I'm loading it in the truck tomorrow night and will go put a few rounds through it over the holiday..


----------



## littlejoe (Jan 17, 2007)

simi-steading said:


> And even if I hand load for it, man is that a lot of powder per casing...


 It's a good cartridge, no matter how I feel about it! I tend to look at powder used anymore, and cost of reloading. Plus belted cartridges are just a turn off for me.

Almost all of my deer kills, were within 357 ranges no matter what I used. When I look at the cost of loading several thousand rounds, so I can have barter material as well. My nod would go to the .357 and I don't even have a rifle chambered for it...yet.

Furbearers I've taken to 500 plus, using 25/06 or smaller with 22-250 my favorite, but not at 500.


----------



## simi-steading (Sep 27, 2012)

If I get a rifle in a pistol caliber, it's going to be a 45 APC... I've always loved the 45, and I've had a hankering for something that shoots it.. .Like a Thompson, or maybe even one of the new AR 45's...

I do have a 357, but I tend to shoot 38's trough it since they are cheaper... I'll runs some 357's through it every now and then when I'm in the mood for a bigger bang..


----------



## 95bravo (Mar 22, 2010)

Depends on what your hunting. I have hunted elk right on high cliffs and needed to take a shoulder shot, so the elk would not make it to the cliff edge, and roll 800 feet down the mt and get all bruised/ busted up. I don't think it's overkill at all for what might be a 900 lb critter. 
I seen a man shot in the back of each heel of his foot with M249 saw. The Joe went to shoot in the dirt as the man was running away and caught him with 2 out of 3 rounds of the burst. The damage to his heels was shockingly slight.


----------



## simi-steading (Sep 27, 2012)

Well, about the biggest thing to shoot in WV is a 200lb bear, or if anything like the last prepper show.. a 400lb marauder.


----------



## Guest (Dec 1, 2013)

Of course I was exaggerating a bit . A friend of mine had one & shot a deer in the left shoulder & totally ruined both shoulders . The rest of the deer was fine . It's easy enough to take a deer at any reasonable distance with a 25/06 or 22/250 .
He donated his to the fire dept. to auction off .


----------



## 95bravo (Mar 22, 2010)

WV Hillbilly said:


> Of course I was exaggerating a bit . A friend of mine had one & shot a deer in the left shoulder & totally ruined both shoulders . The rest of the deer was fine . It's easy enough to take a deer at any reasonable distance with a 25/06 or 22/250 .
> He donated his to the fire dept. to auction off .

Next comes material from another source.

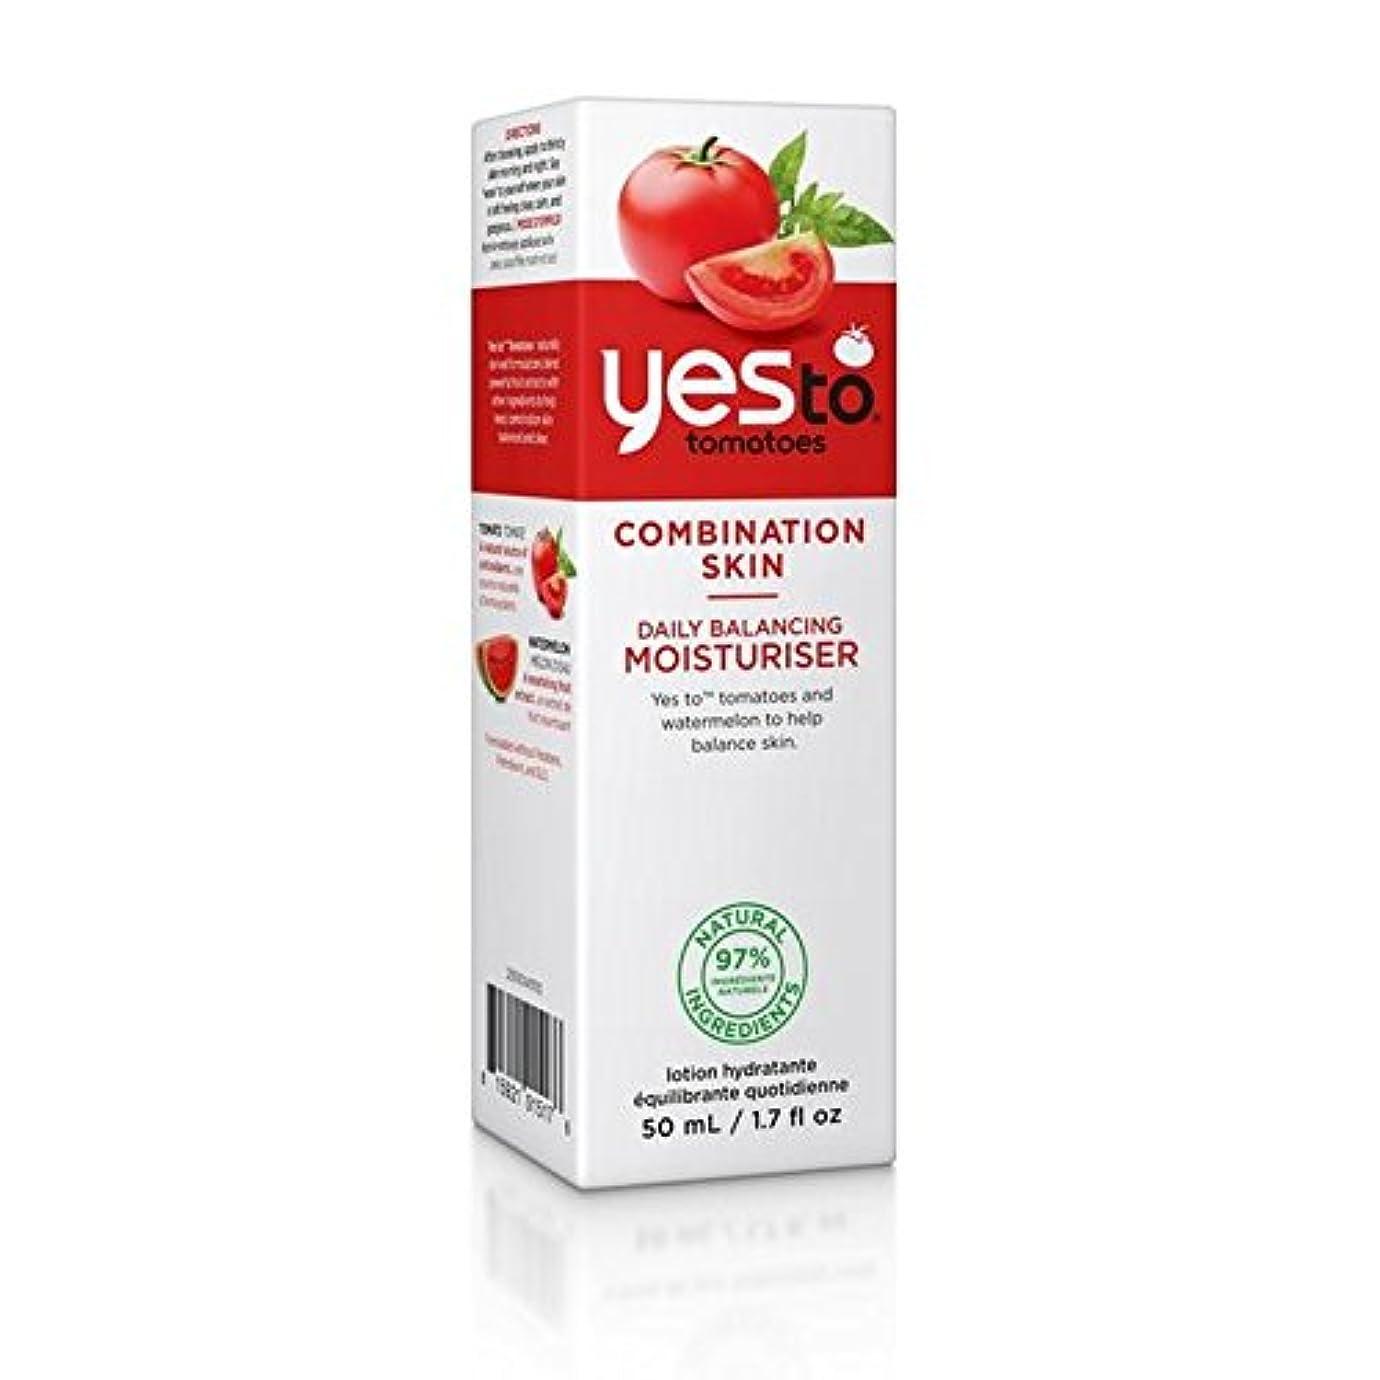 管理者厚さ流体はいトマトに保湿50ミリリットル x2 - Yes to Tomatoes Moisturiser 50ml (Pack of 2) [並行輸入品]

Still a lot you can do with a shot shoulder, sausage, summer sausage, jerky, Ground it for chili. 
A bad shot is a bad shot.
If you can get a correct shot placement with 22/250, you can get a correct shot placement with any cal. 
I'm not saying that you can't kill a deer with a 22/250. A skilled shooter with such a caliber is more effective than an unskilled one with a heavier caliber. 
I prefer to be skilled shooter with a heavier cal. I like the added distance, ability to take elk, and flat trajectory. 
There is a reason Army Snipers use the Remington 700. 
Just my thoughts, use whatcha got and what works for you.


----------



## Guest (Dec 1, 2013)

Heck , I couldn't care less if you squirrel hunt with a 7mm mag .


----------